Morrin |

Sorry if this has been brought up before.
Currently running a Legacy of Fire campaign with Pathfinder rules. We have a sorcerer with the Arcane bloodline, so he has a familiar. Question came up is what stats do you use for normal and improved familiars, the ones RIGHT from the creatures specific page in either bestiary books, or do you roll/use point buy then add the "racial modifiers"(As in you look at the beast's sheet, set stats to 10, then use the difference of what the stats are in the book). Just need a clarification on the rules here.
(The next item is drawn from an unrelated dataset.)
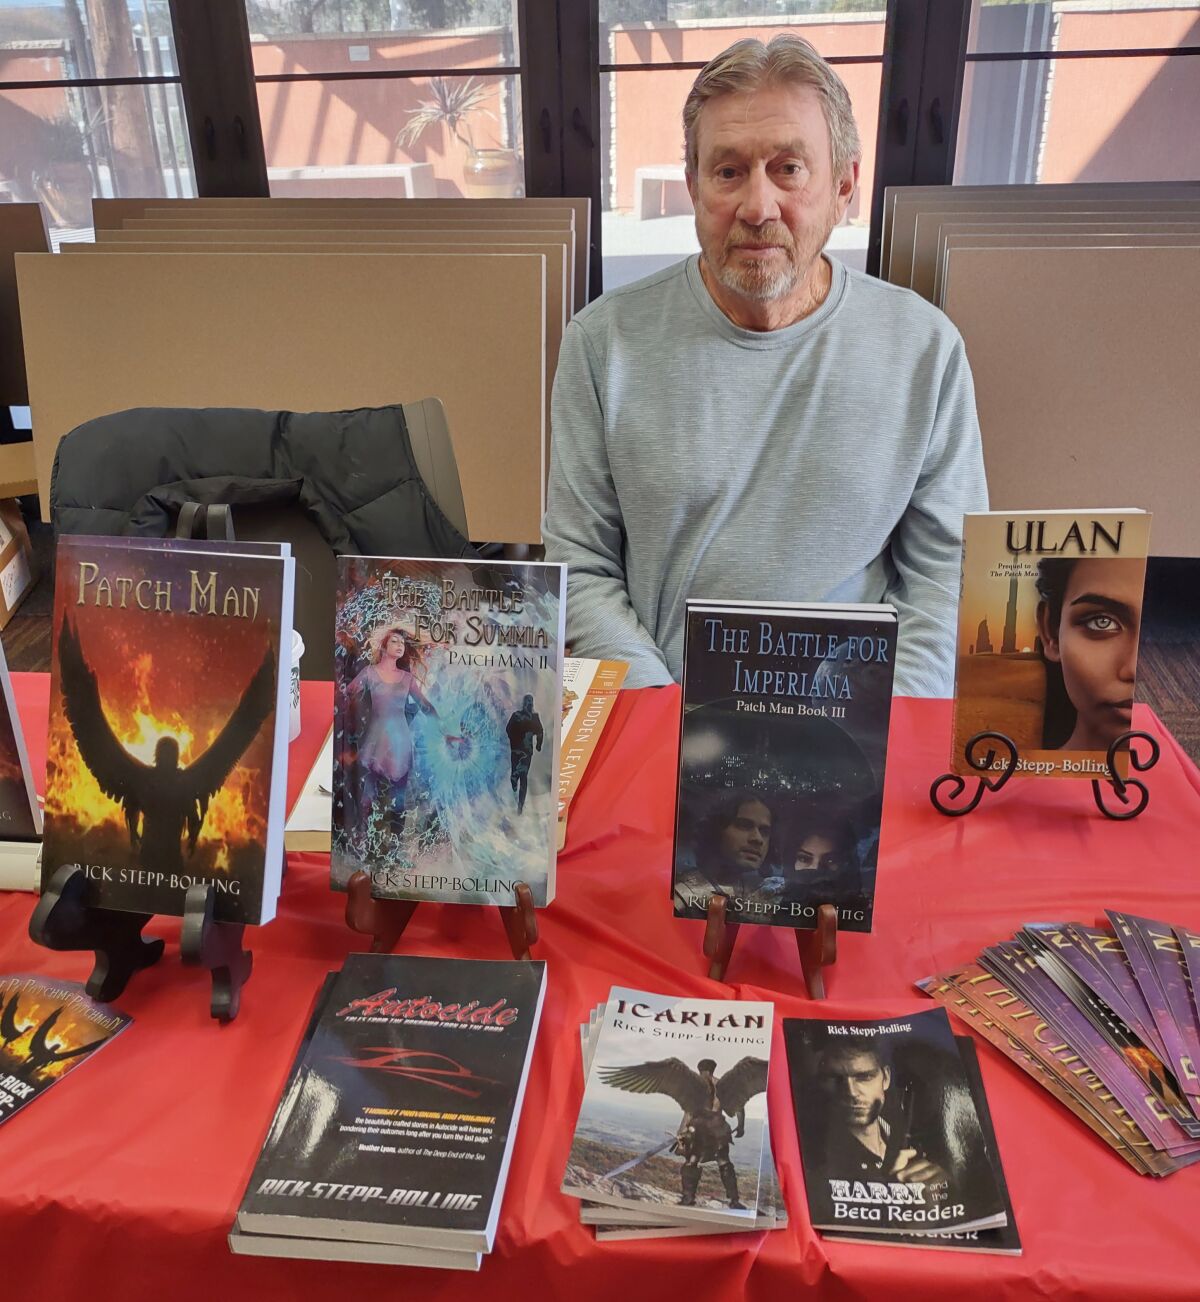 Author Rick Stepp-Bolling read a portion of his book “Patch Man,” the first in a series of science fiction-fantasy books.

He insists on the second option, the rest of us believe you use the ones right from the book. A good solid answer would be appreciated, maybe even from a paizo person themselves. :) Thanks!

Grick |

what stats do you use for normal and improved familiars
Their ability scores are the same as the animal.
Familiar Basics: Use the basic statistics for a creature of the familiar's kind, but with the following changes. (HD, HP, Attacks, Saves, Skills)
So a Cat familiar has the statblock of the Cat Familiar but a few things change based on the bonded caster.
For effects relating to Hit Dice, use the Master's character level (Not class level!) since the Cat normally has 1 HD.
The Cat has half the Master's Hit Points, rounded down.
For attacks with natural weapons, use the Masters BAB and the Cat's Dex.
For Saving Throws, use whichever BASE save is higher, the Cat or the Master, then apply the Cat's ability score modifier.
For Skills, use the ranks of Master or Cat, whichever is higher, modified by the Cat's ability score modifiers.

nonrelent |
Unless otherwise indicated, a creature’s ability scores
represent the baseline of its racial modifiers applied to
scores of 10 or 11. Creatures with NPC class levels have stats
in the standard array (13, 12, 11, 10, 9, 8), while creatures
with character class levels have the elite array (15, 14, 12, 11,
This *seems* to mean that the book entry means "if you rolled straight 10/11s, these are it's stats, and NPCs get the standard array of stats". That quote is from page 6 of the PF Bestiary (Hope i can get away with quiting it here). Based on that it would seem familiars, animal companions, etc get some choice on what stats go where.
From an RP point of view, if i'm picking an animal companion/familiar/etc and the first one i find is the most generic ball of generic i've ever seen, i'm gonna tell it to go away, and then walk up to the alpha wolf and tame him instead. It would make sense that your druid, ranger, wizard, etc is going to intentionally pick a superior example of the species.

Saerdna |
Bestiary wrote:Unless otherwise indicated, a creature’s ability scores
represent the baseline of its racial modifiers applied to
scores of 10 or 11. Creatures with NPC class levels have stats
in the standard array (13, 12, 11, 10, 9, 8), while creatures
with character class levels have the elite array (15, 14, 12, 11,This *seems* to mean that the book entry means "if you rolled straight 10/11s, these are it's stats, and NPCs get the standard array of stats". That quote is from page 6 of the PF Bestiary (Hope i can get away with quiting it here). Based on that it would seem familiars, animal companions, etc get some choice on what stats go where.
From an RP point of view, if i'm picking an animal companion/familiar/etc and the first one i find is the most generic ball of generic i've ever seen, i'm gonna tell it to go away, and then walk up to the alpha wolf and tame him instead. It would make sense that your druid, ranger, wizard, etc is going to intentionally pick a superior example of the species.
From an RP point of view, why would the alpha wolf follow a measly level 1 druid ? He (or she) would require atleast a level 5-6 druid to be his servant ... oh I mean keeper : )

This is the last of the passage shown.